El interés ruso por debilitar el flanco sur de la OTAN es muy claro. Y está justificado. Tropas rusas cerca de las bases americanas de Zaragoza, Torreón o Rota son el equivalente al frente de guerra del Donbass ucraniano o a las maniobras atlantistas en el Báltico. ¿Por qué iba a perder el zar esta oportunidad? Situar a Rusia en la puerta de atrás de la Alianza es una jugada de ajedrez bélico nada despreciable.

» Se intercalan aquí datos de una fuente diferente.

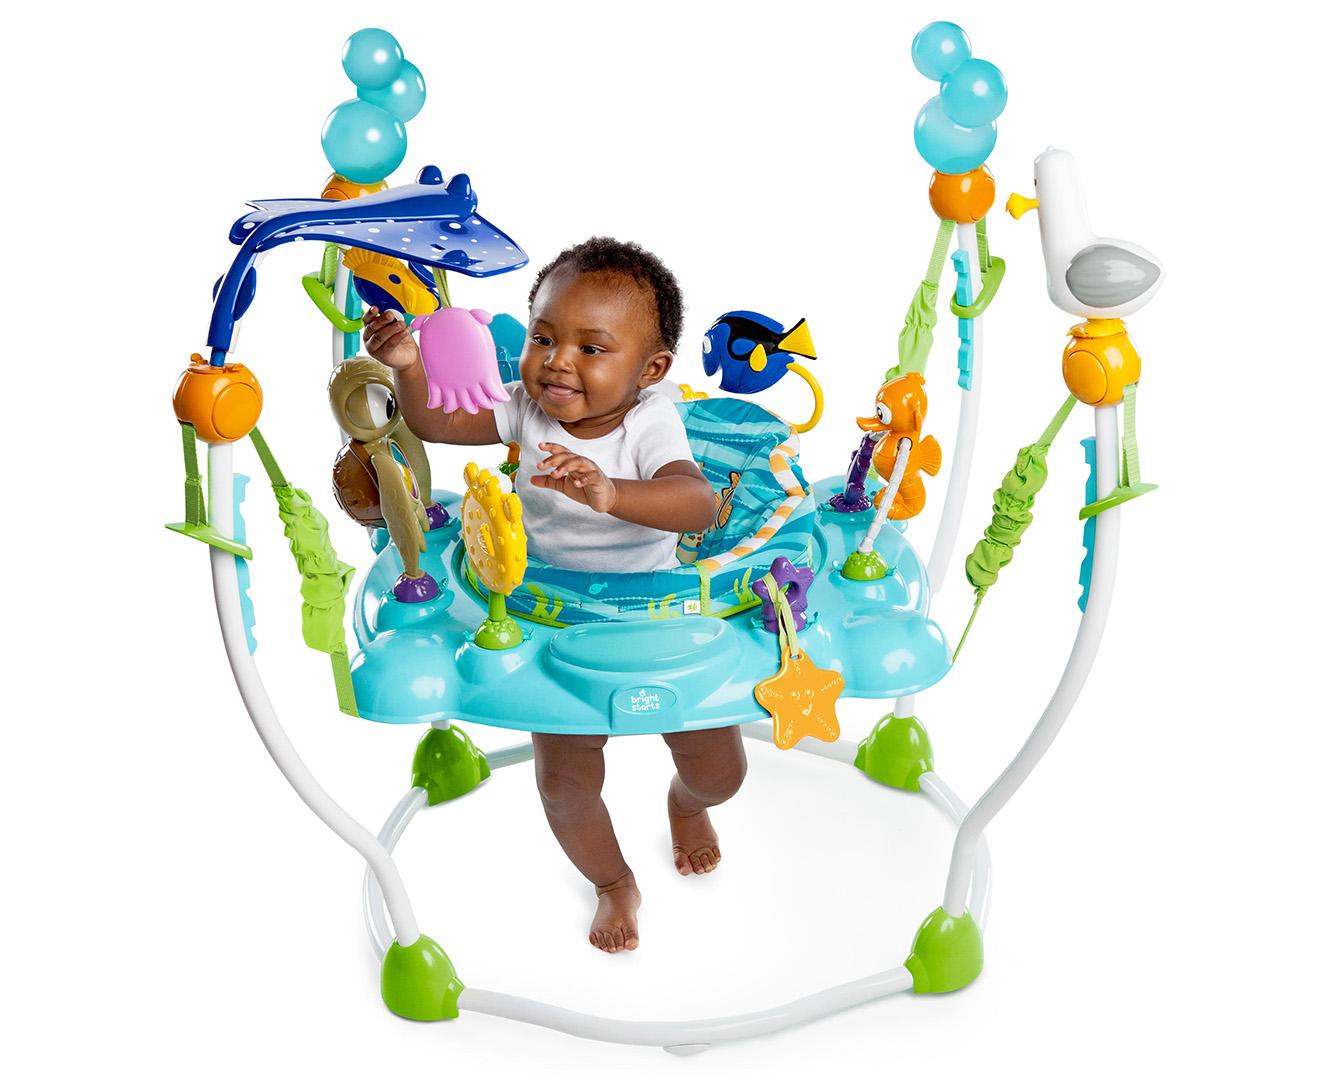 Finding Nemo Sea Of Activities Jumper 74451607019 Ebay

Por su parte, los Estados Unidos no pueden permitirse el lujo de aceptar sin más tal situación "de facto". Pueden evitarla de varias formas y no es la menos favorable el apoyo de Israel a la causa catalana ante la progresiva islamización del territorio español en general y de Cataluña en particular. Controlar las mezquitas de aquí es garantizar la seguridad de allí. Además, España reconoce para los palestinos el derecho a un Estado, cosa que no hace con los catalanes. Israel no puede estar muy contento con la política española en este sentido, por no hablar del antisemitismo de buena parte de la izquierda en nuestro país: las flotillas enviadas a Gaza y otras manifestaciones abiertamente contrarias al estado de Israel. 

Seguridad, pues, para Rusia. Seguridad para Israel. Nuevo escenario conflictivo para Estados Unidos que no dejará nunca de apoyar a sus amigos de Tel Aviv. Por otra parte, los americanos pueden potenciar su alianza con Marruecos, estrategia en el control del norte de África y en la contención de Francia como potencia en el Sahel, Chad y Mali. A todo esto, España tiene poco que hacer y Cataluña tiene mucho que perder. En el peor de los casos, como comentaba un agudo analista en Twitter -de quien copiamos el titular-, Cataluña se convertiría en un campo de batalla como el sirio o el palestino; en el mejor, en un aliado forzoso de alguna de las potencias citadas. La tensión bélica podría extenderse a toda España y el incendio del Mediterráneo, iniciado con las "Primaveras Árabes" sería total y terriblemente sangriento. 

No queremos dejar de citar las teorías conspirativas que circulan por las redes y que sitúan al magnate George Soros y sus delegados catalanes, Jaume Roures y Oriol Junqueras, junto con Pablo Iglesias, en el epicentro de un conflicto que parece haber escapado al control de los gobiernos español y catalán.

¿Será Cataluña la Franja de Gaza de Europa?